Hasta que caí en la cuenta de lo que hacían: ¡adoraban
un trozo de pan!
Y para colmo el sacerdote le oraba con tanta seguridad
y confianza, muy solemne, pero con familiaridad, similar a mis oraciones, pero
él oraba con más convicción, como si de veras estuviera frente al Señor. Ese
cura, y las cerca de 200 personas que le acompañaban, estaban convencidos de
que lo que estaba colocado en la custodia los escuchaba, y de que era
Jesucristo.
Se me ocurrió que si esas personas estaban
equivocadas, y yo deseaba que lo estuvieran, entonces lo que me habían
enseñado de niño era cierto a fin de cuentas: los católicos son idólatras.
Durante algunos años me tuvieron a la defensiva con los temas y circunstancias
que narraba al principio, pero ya no. Era imposible que estuvieran en lo
correcto. Era increíble para mí que pensaran que adoran a Jesús y que se lo
puedan comer.
Pero… y si están en lo correcto. El capuchino era un
joven muy inteligente y creía sin ambigüedades en la antiquísima doctrina de
su Iglesia al respecto.
No obstante, por alguna razón, sentía que ahora sí los
había atrapado. Había analizado el pu nto de vista de la crítica protestante a
la Iglesia Católica en este asunto y no le encontraba posibilidad a esa idea
de la presencia real y verdadera del cuerpo y la sangre de Cristo en la misa,
y mucho menos en los altares para culto de adoración.
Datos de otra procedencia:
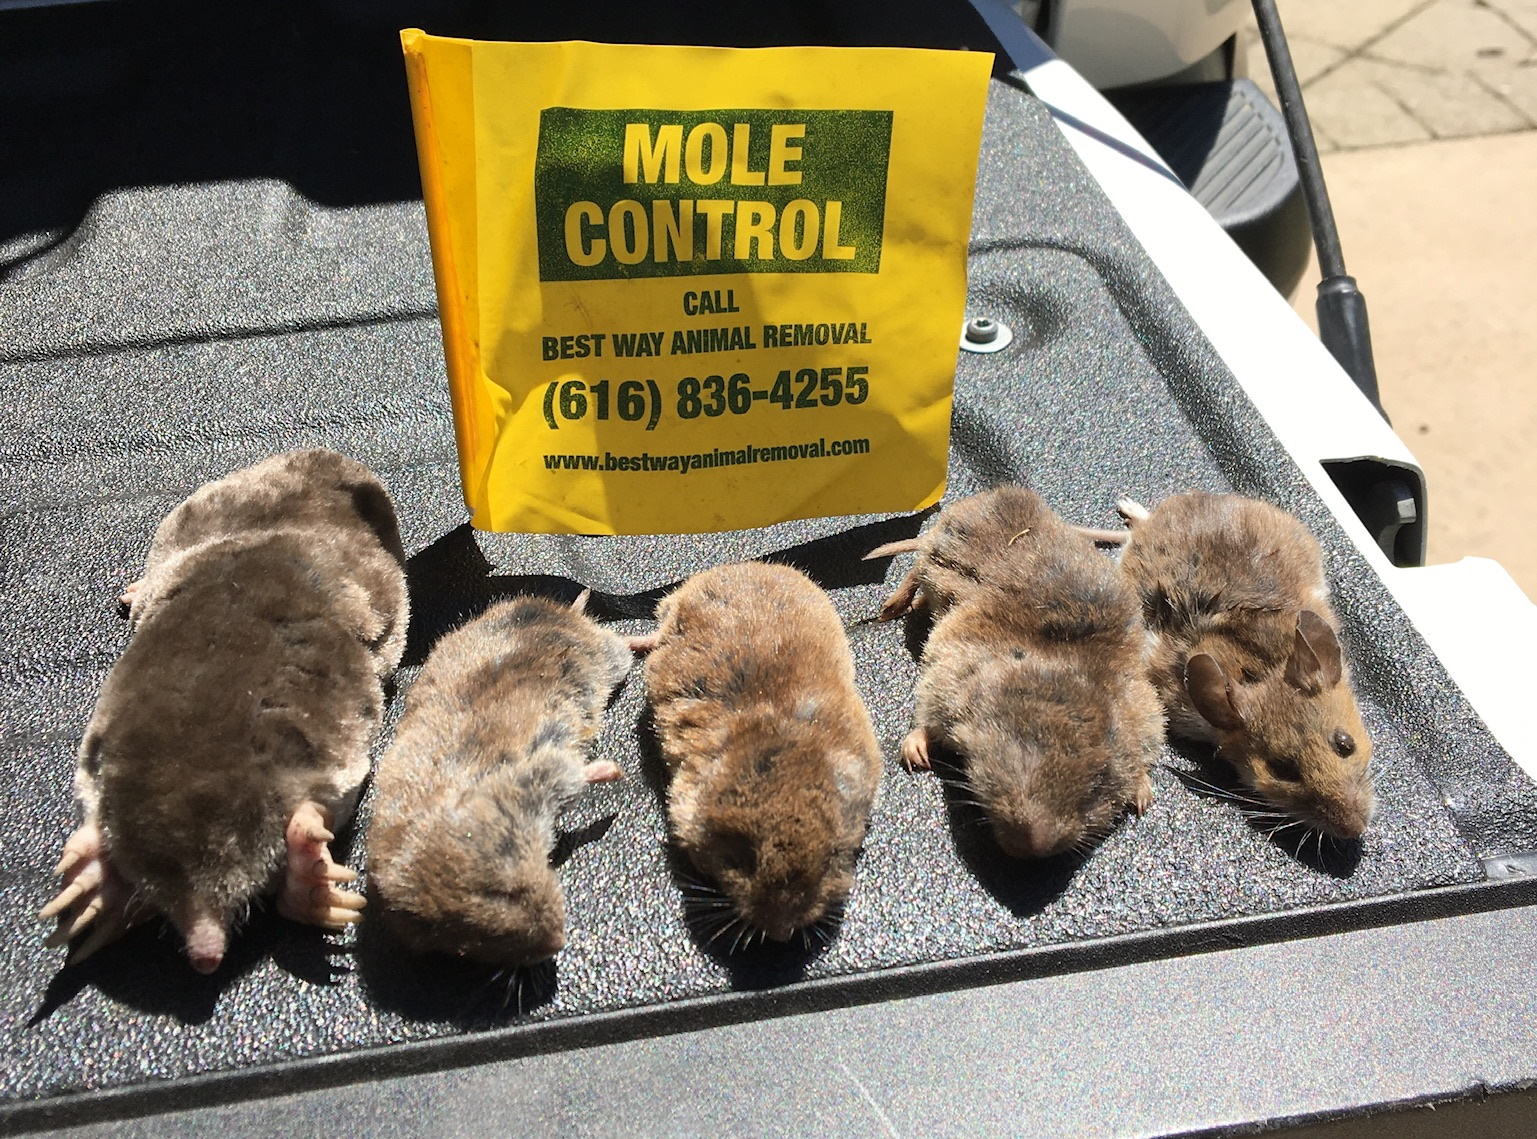 Vriesland mole control services
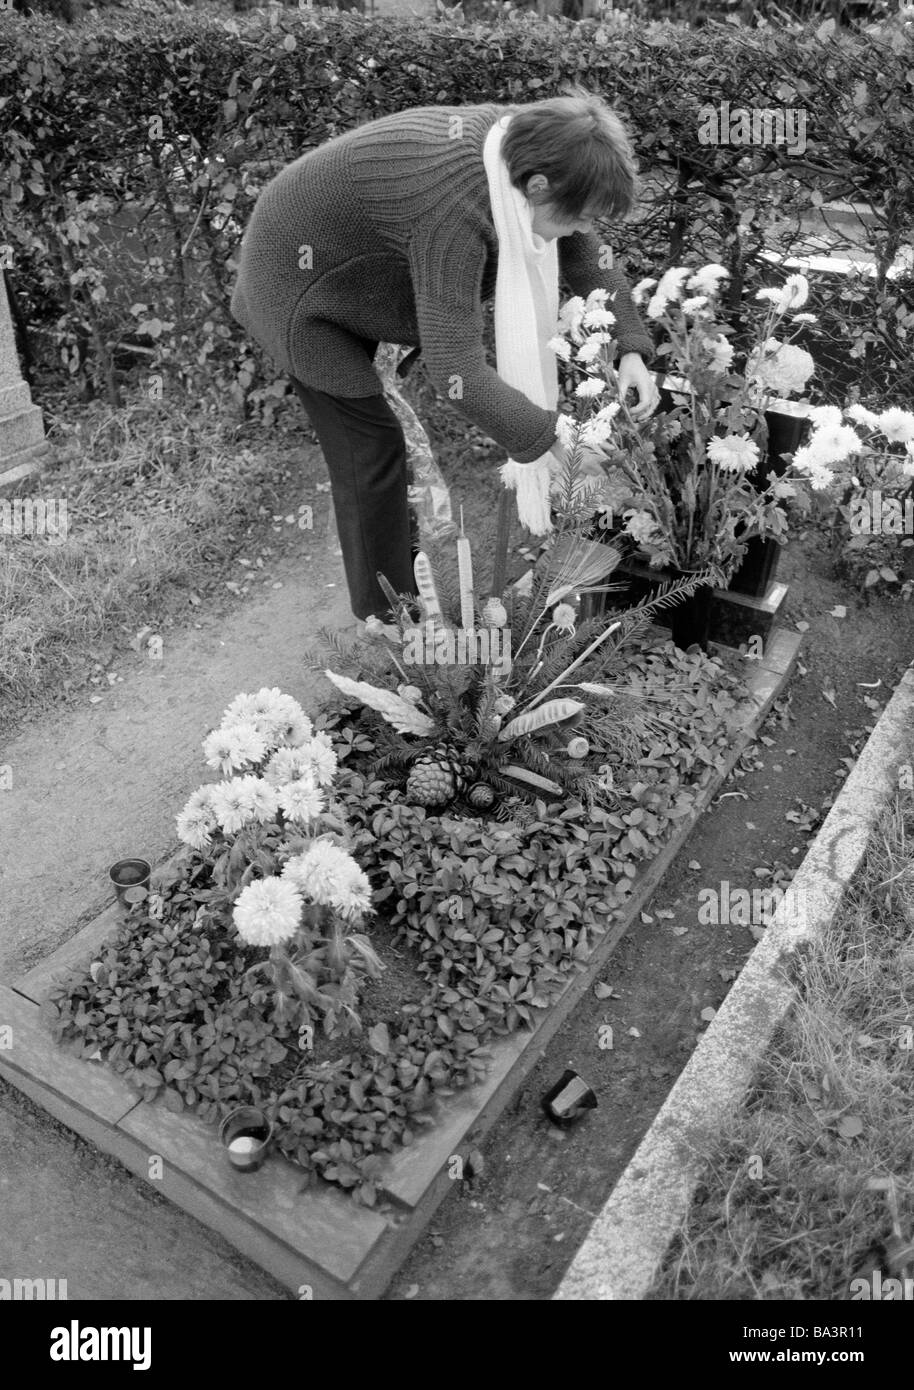 Ottanta, foto in bianco e nero, persone morte, lutto, sagrato, tomba, giovane donna, guardando dopo una grave, fiori, di età compresa tra i 25 e i 30 anni, Monika Foto Stock

No podían tener la
razón, ahora no.
De momento el sacerdote se levanta en procesión y
comienza a ser seguido por sus acólitos. Tenía la custodia, la llevaba en
solemne desfile. Las luces le seguían y el humo del incienso le precedía. A
medida que se acercaba se escuchó el tintineo insistente de de unas
campanitas. Y una vez más la excelente música y la voz bellísima de una joven
se juntaron para cantarle a la presencia. Cuando tuve el Santísimo como a 10
pies de distancia se me ocurrió una idea para romper de una vez por todas con
el catolicismo: “Si logro demostrar fuera de toda duda razonable, por la
Biblia, que esta gente esta adorando a un trozo de harina cosida, y no a
Jesucristo, entonces serán en realidad unos idólatras , unos alucinados que
han estado confundidos o engañados por no atenerse a la realidad de los
sentidos y por desconocer las escrituras. ¡Esto no esta en la Biblia!”
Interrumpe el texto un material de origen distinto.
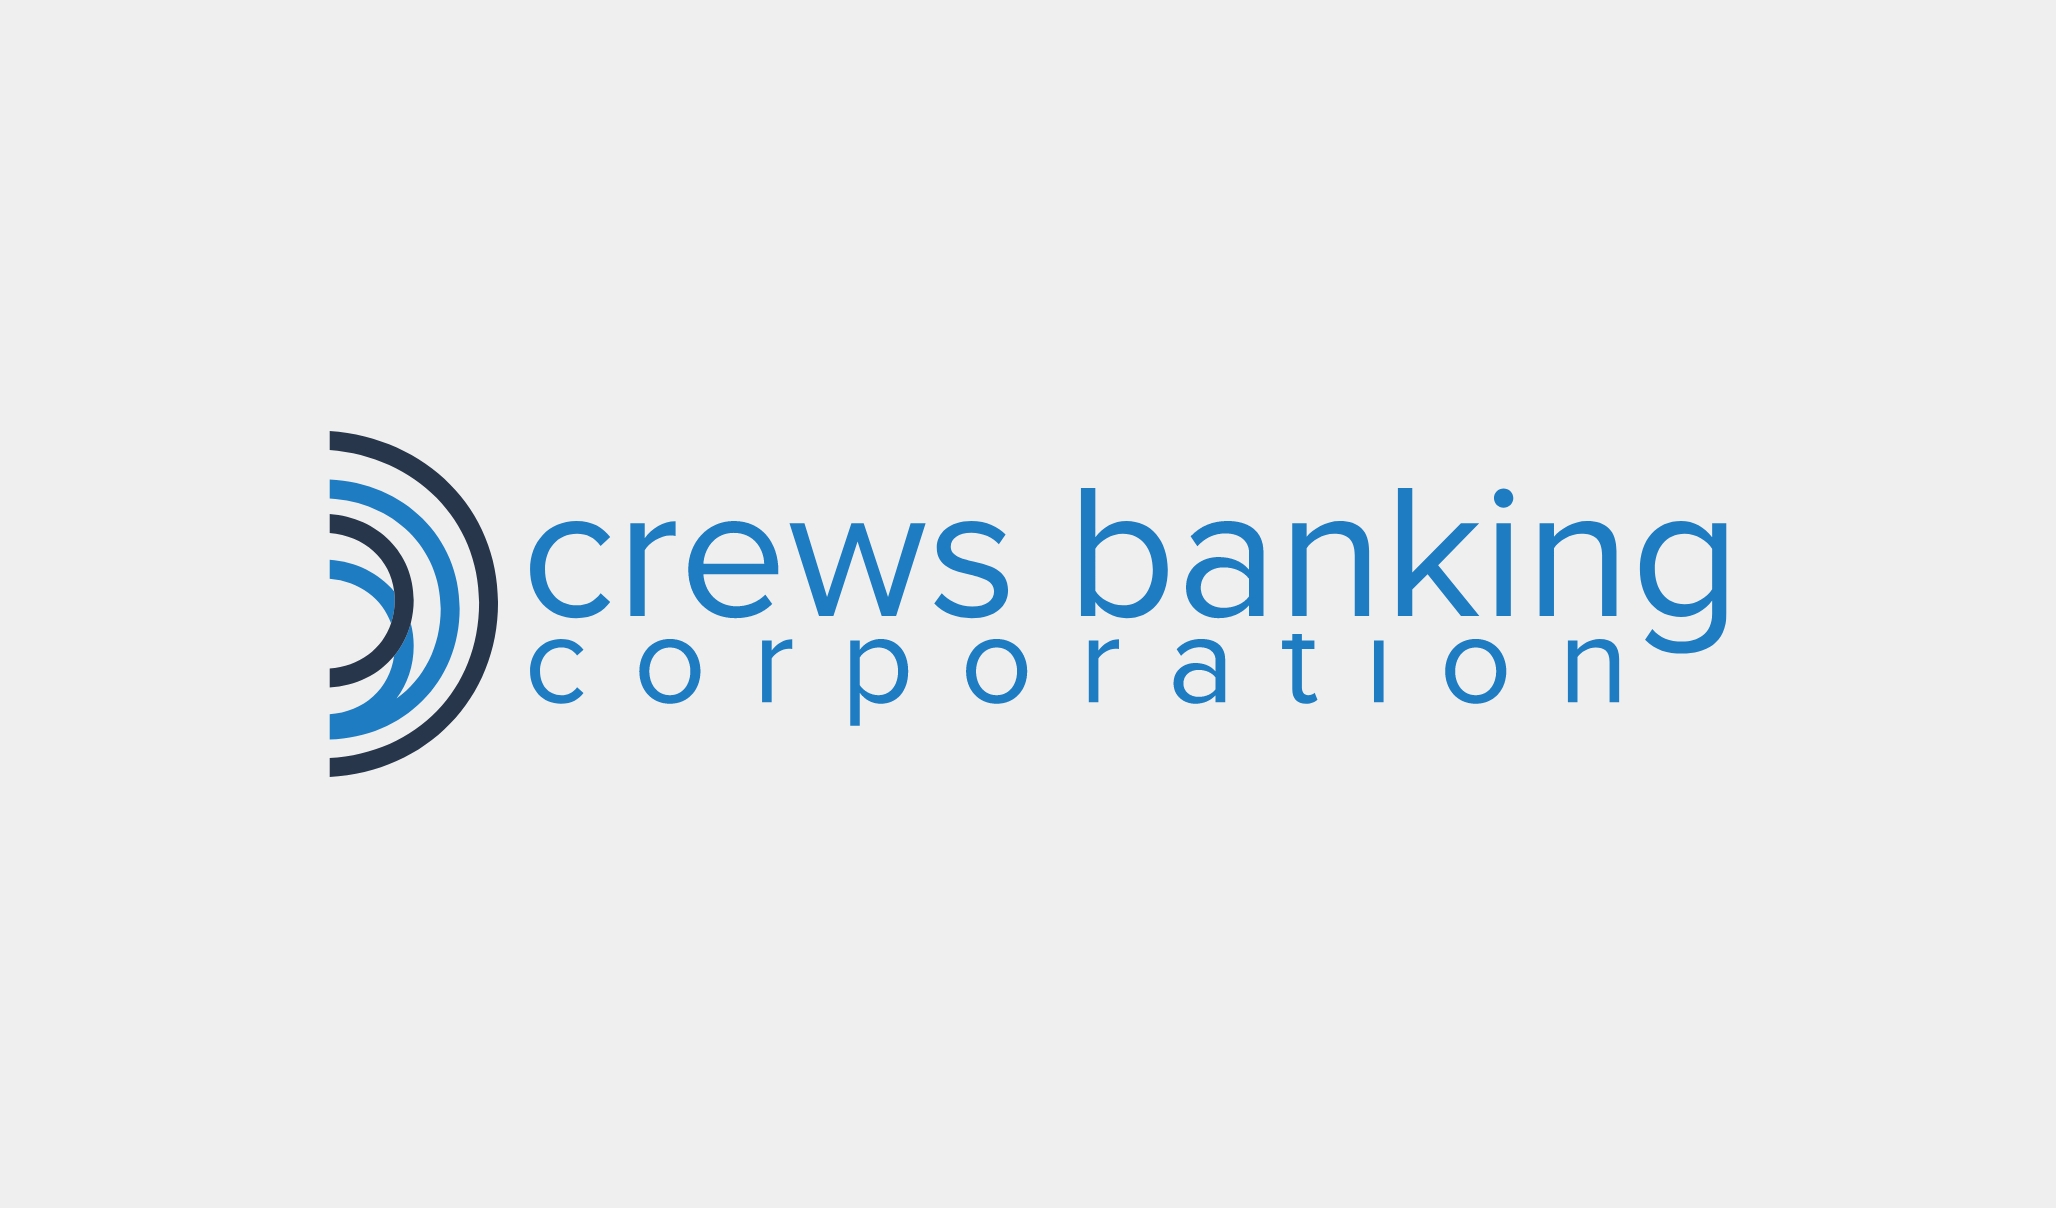 Crews Banking Corp

Y retomé la Biblia para contradecir y desenmascarar la
falsedad de esa práctica idolátrica. Mi temor se convirtió en un apabullante
optimismo, pues estaba seguro de que había descubierto la puerta para salir
del atolladero en el cual me tuvo el catolicismo por los pasados tres años.
Tramé primero desbaratar la legitimidad de esa práctica mediante el estudio
bíblico, y luego, con el entusiasmo de aquella indudable victoria sobre la
idolatría católica, podría volver a encarar los otros temas que me tenían a la
defensiva frente al catolicismo.
Esta coyuntura fue para mí la posibilidad de lograr al
menos un empate: “Si los protestantes estamos mal, ellos también, y si ambos
estamos equivocados alguna salida habrá, como el agnosticismo o incluso otra
religión.” Así estaban las cosas en mi corazón.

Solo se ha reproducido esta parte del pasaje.